The report discusses the importance of cost-benefit analyses in selecting software assurance activities. It emphasizes that projects must quantitatively assess the costs and benefits of various assurance activities to effectively allocate their limited resources. This assessment is crucial for estimating not only budget and schedule but also quality and risk. The document outlines the need for a systematic approach to identify and evaluate trade-offs, such as sacrificing certain functionalities to enhance overall quality.
A key innovation presented in the document is the development of a risk management tool that incorporates cost-benefit calculations.

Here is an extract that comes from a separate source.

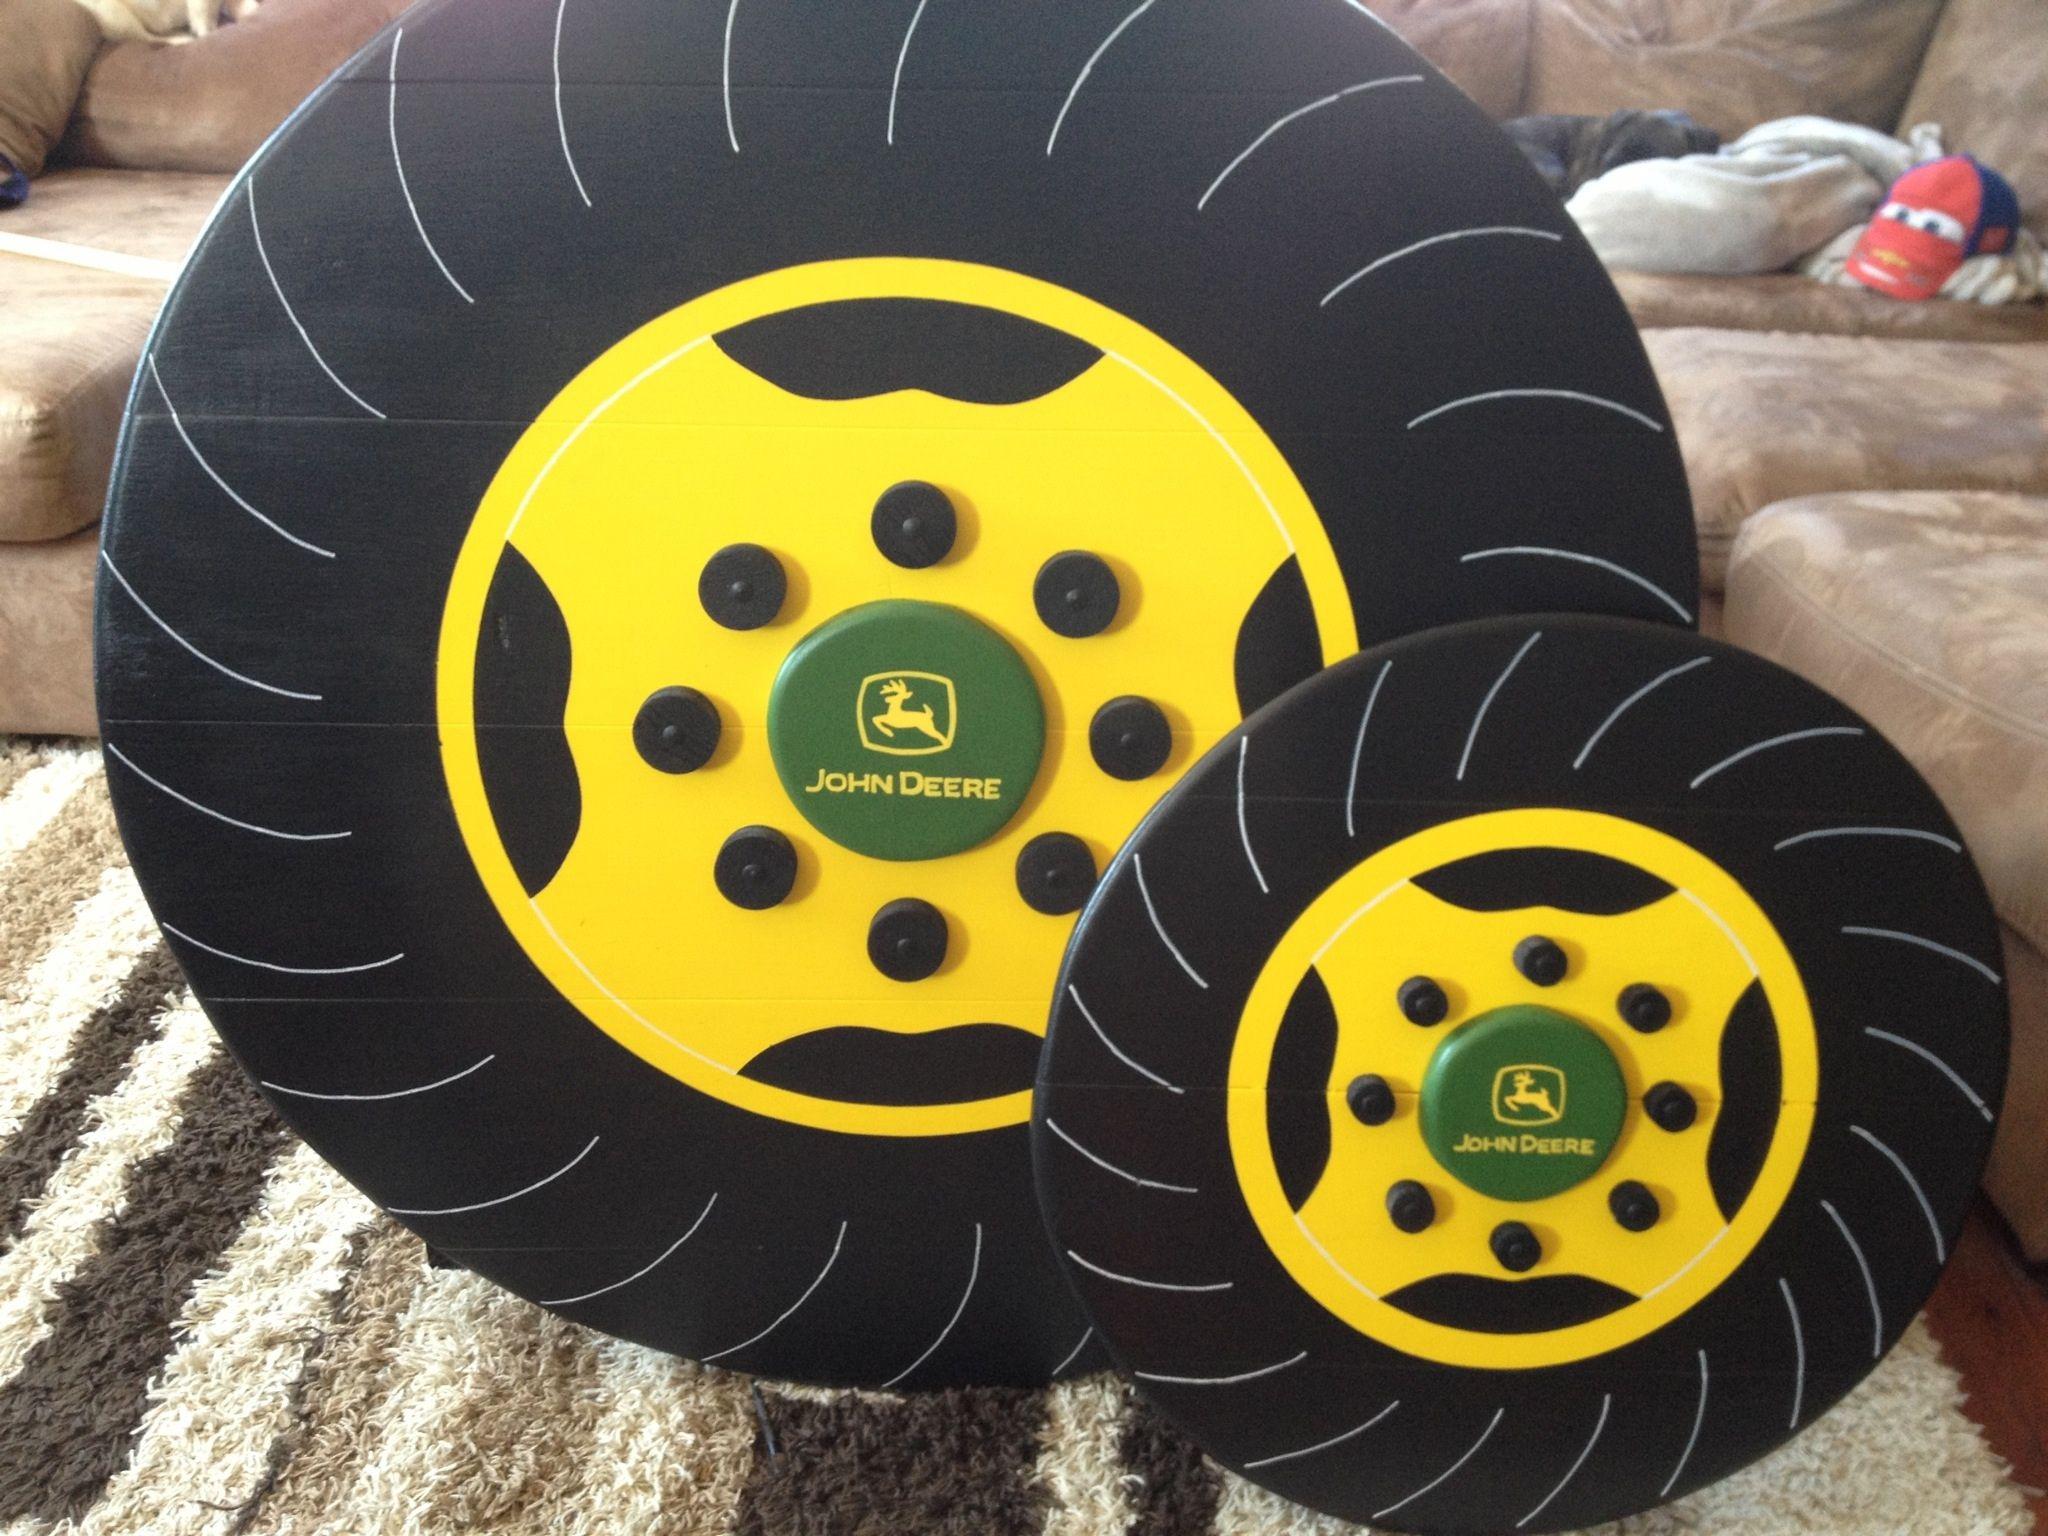 John Deere Bunk Bed Tires Kid S Room Bunk Beds Bed Tractor Bed

This tool, based on NASA's Defect Detection and Prevention (DDP) framework, allows for a detailed analysis of risks related to software requirements and the effectiveness of risk mitigations. The tool enables project teams to study the implications of multiple interrelated decisions regarding the selection of software assurance activities.
The report also introduces an iterative approach to identifying critical assurance activities. By applying a previously published method for identifying critical values, the approach allows teams to refine their selection of activities continuously. This iterative process helps in finding a near-optimal set of assurance activities tailored to specific project needs.
Overall, the document underscores the necessity of a planned and systematic approach to software assurance, advocating for the use of quantitative methods to optimize resource allocation and minimize risks. It serves as a guide for software development teams aiming to enhance the quality of their products while managing constraints effectively. The work was conducted at the Jet Propulsion Laboratory under NASA's sponsorship, reflecting a commitment to advancing software engineering practices in high-stakes environments.